Ghimiray, Himal Prasad
himal.prasad.ghimiray at intel.com
Tue Jun 6 04:03:20 UTC 2023
> -----Original Message-----
> From: Intel-xe <intel-xe-bounces at lists.freedesktop.org> On Behalf Of
> Mauro Carvalho Chehab
> Sent: 25 May 2023 11:36
> To: Vivi, Rodrigo <rodrigo.vivi at intel.com>
> Cc: mauro.chehab at kernel.org; intel-xe at lists.freedesktop.org
> Subject: Re: [Intel-xe] [PATCH v2 1/1] drm/xe: Add a debugfs for faking gt
> reset failure.
>
> On Wed, 24 May 2023 16:50:04 +0000
> "Vivi, Rodrigo" <rodrigo.vivi at intel.com> wrote:
>
> > On Wed, 2023-05-24 at 12:43 -0400, Rodrigo Vivi wrote:
> > On Wed, May 24, 2023 at 09:57:00PM +0530, Balasubramani Vivekanandan
> wrote:
> > On 24.05.2023 12:36, Himal Prasad Ghimiray wrote:
> > In case of gt reset failure, KMD notifies userspace about failure via
> > uevent. To validate this notification we need to ensure gt reset fails
> > and there is no mechanism to cause failure from hardware.
> > Hence added a debugfs which will cause fake reset failure.
> >
> > v1(Rodrigo)
> > - Change the variable to fake_reset_failure_in_progress.
> > - Drop usage of READ_ONCE and WRITE_ONCE.

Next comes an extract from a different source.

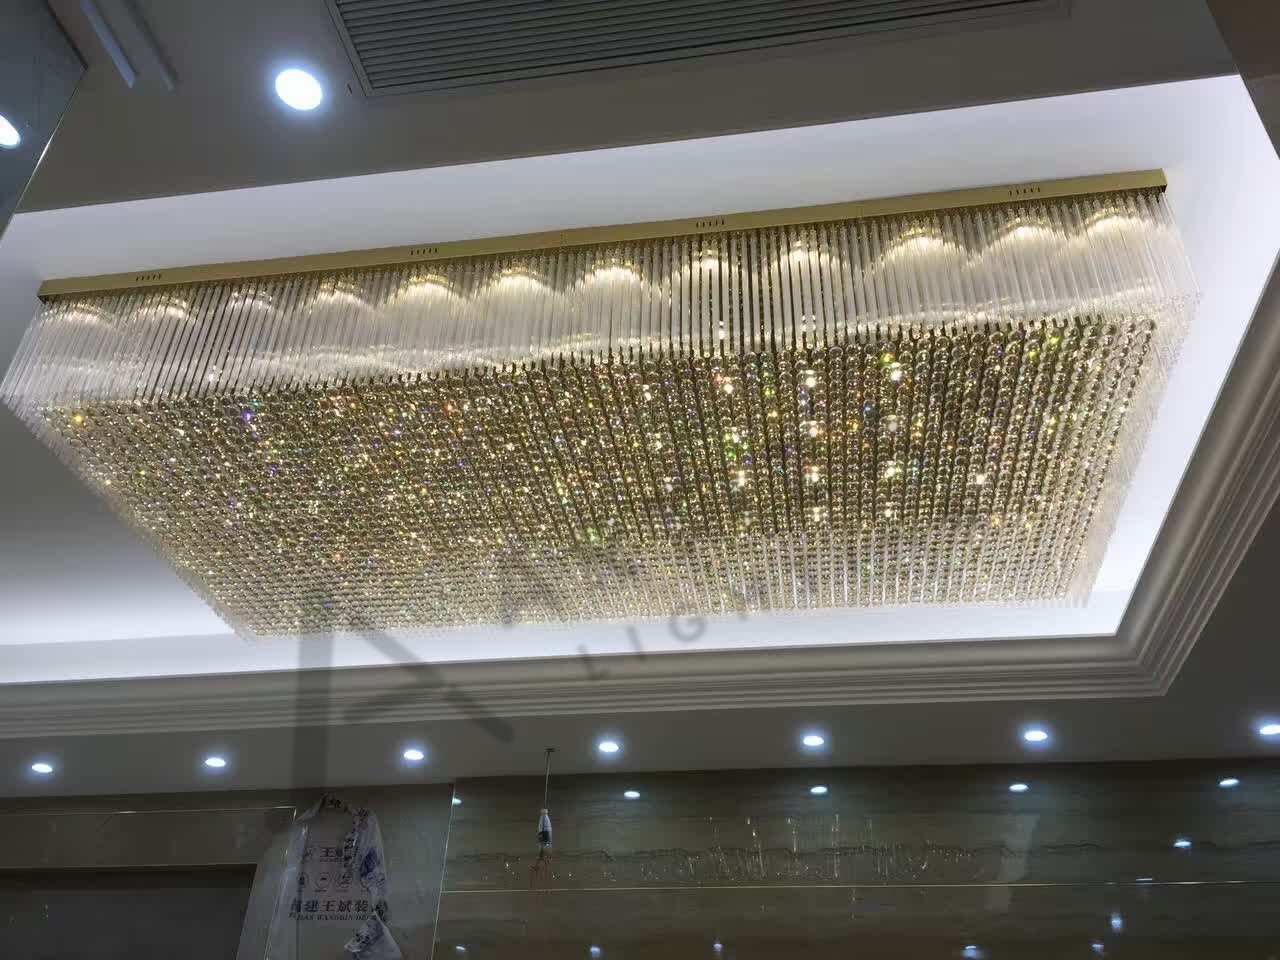 Hotel crystal chandeliers classic design For ballroom indoor decorative
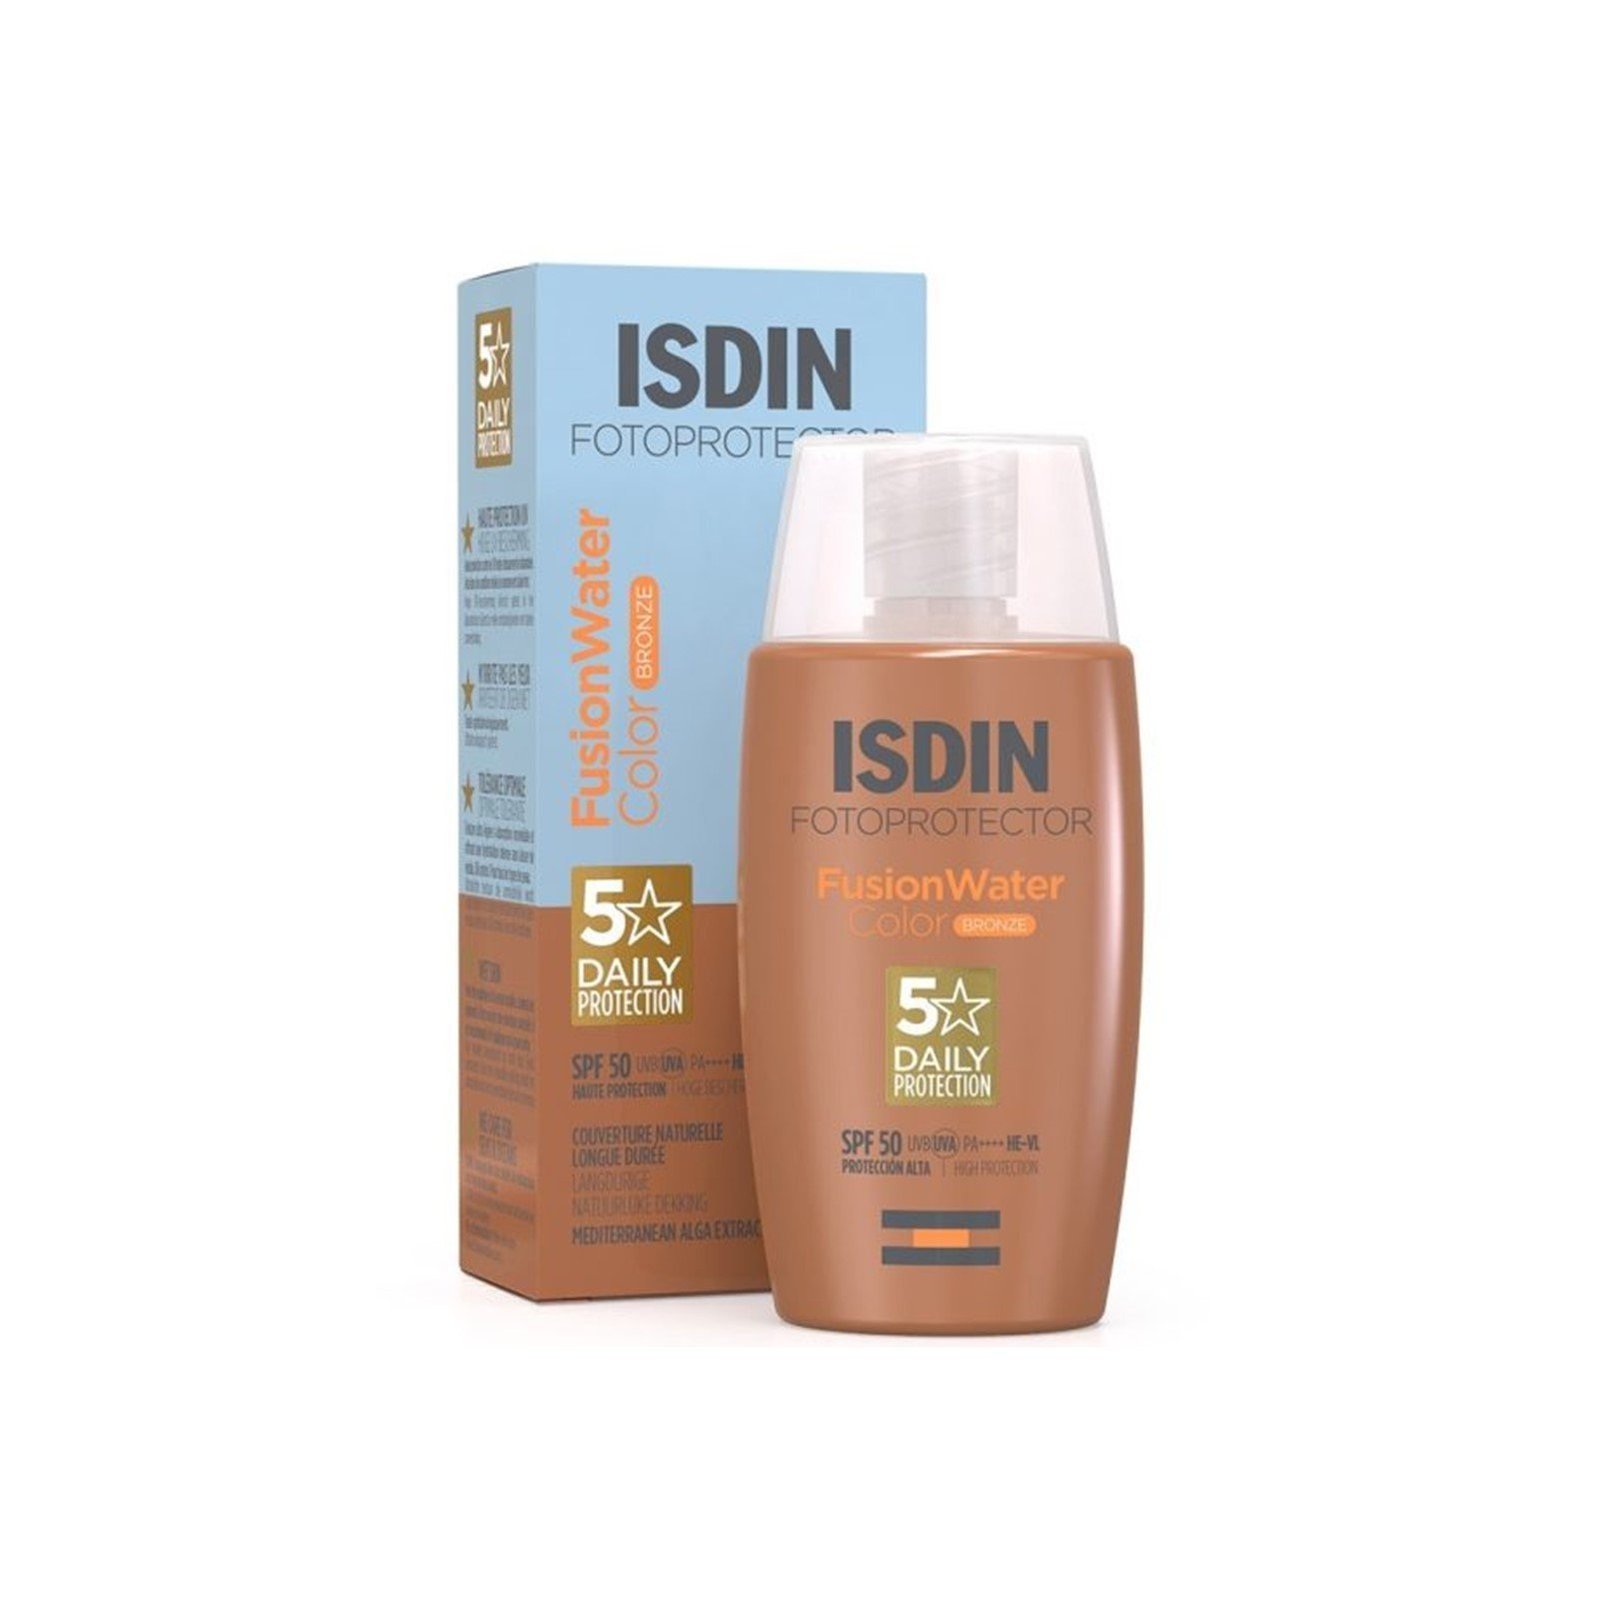 ISDIN Fotoprotector Fusion Water Color Bronze SPF50 50ml (1.69floz)

> > - Follow consistency for variable assignment. Either use
> > functions for all the assignments or don't use for any.
> >
> > Cc: Rodrigo Vivi
> > <rodrigo.vivi at intel.com<mailto:rodrigo.vivi at intel.com>>
> > Signed-off-by: Himal Prasad Ghimiray
> > <himal.prasad.ghimiray at intel.com<mailto:himal.prasad.ghimiray at intel.co
> > m>>
> > ---
> > drivers/gpu/drm/xe/xe_gt.c | 15 ++++++++++++++-
> > drivers/gpu/drm/xe/xe_gt_debugfs.c | 11 +++++++++++
> > drivers/gpu/drm/xe/xe_gt_types.h | 1 +
> > 3 files changed, 26 insertions(+), 1 deletion(-)
> >
> > diff --git a/drivers/gpu/drm/xe/xe_gt.c b/drivers/gpu/drm/xe/xe_gt.c
> > index 80d42c7c7cfa..b3ac8b3ab455 100644
> > --- a/drivers/gpu/drm/xe/xe_gt.c
> > +++ b/drivers/gpu/drm/xe/xe_gt.c
> > @@ -506,6 +506,9 @@ int xe_gt_init(struct xe_gt *gt)
> > int err;
> > int i;
> >
> > + /*Fake reset failure should be disabled by default*/
> > + gt->reset.fake_reset_failure_in_progress = false;
> > +
> > INIT_WORK(>->reset.worker, gt_reset_worker);
> >
> > for (i = 0; i < XE_ENGINE_CLASS_MAX; ++i) { @@ -601,8 +604,18
> > @@ static int gt_reset(struct xe_gt *gt)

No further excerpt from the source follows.